Sawara cypress (Chamaecyparis pisifera sp.)
Near the NW corner of Old Main, adjacent to tree GK.
Native to Japan but widely planted in North America and Europe since the mid-19th century, this middling large conifer is widely mistaken by tree novices for abberant specimens of western redcedar (Thuja plicata). It has similar reddish bark and equally similar spray-like, closely appressed foliage, and it even prospers under the same climatic conditions. However, a close examination of its cones and the fine structure of its foliage should set you right. (A good tree book is strongly recommended).
Cultivars of Sawara cypress are plentiful. One particularly important difference involves the structure of the foliage. Three common types are frequently encountered: two (plumosa and filifera) are shown in the lower photograph. The third common foliage type is called squarrosa, illustrated by a tree located near the paper birch (PB), in an indentation in the wall of Carver gym. The true budding tree aficianado will visit all three - once again, a good tree book is recommended.

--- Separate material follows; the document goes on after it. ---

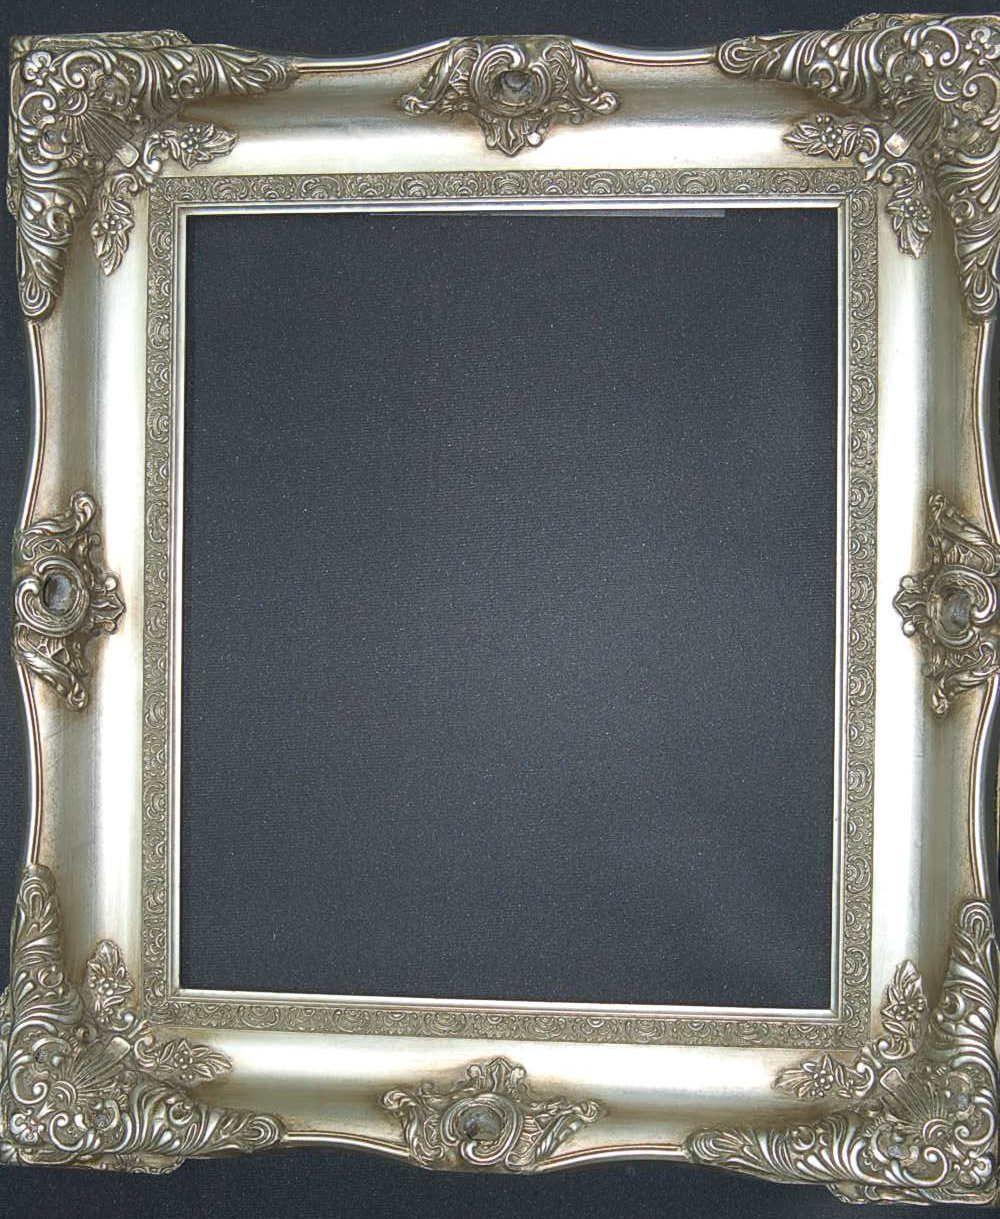 Seville Ornate Silver Picture Frame

The largest specimens of this species exist, naturally enough, in Japan, where they can reach 150 ft. in height. Most examples introduced into North American and European botanical gardens are cultivars (e.g., the three mentioned above), which rarely attain much more than half that height. Two of the largest examples of Sawara cypress in all of Washington are Bellingham residents, located in Bayview Cemetery.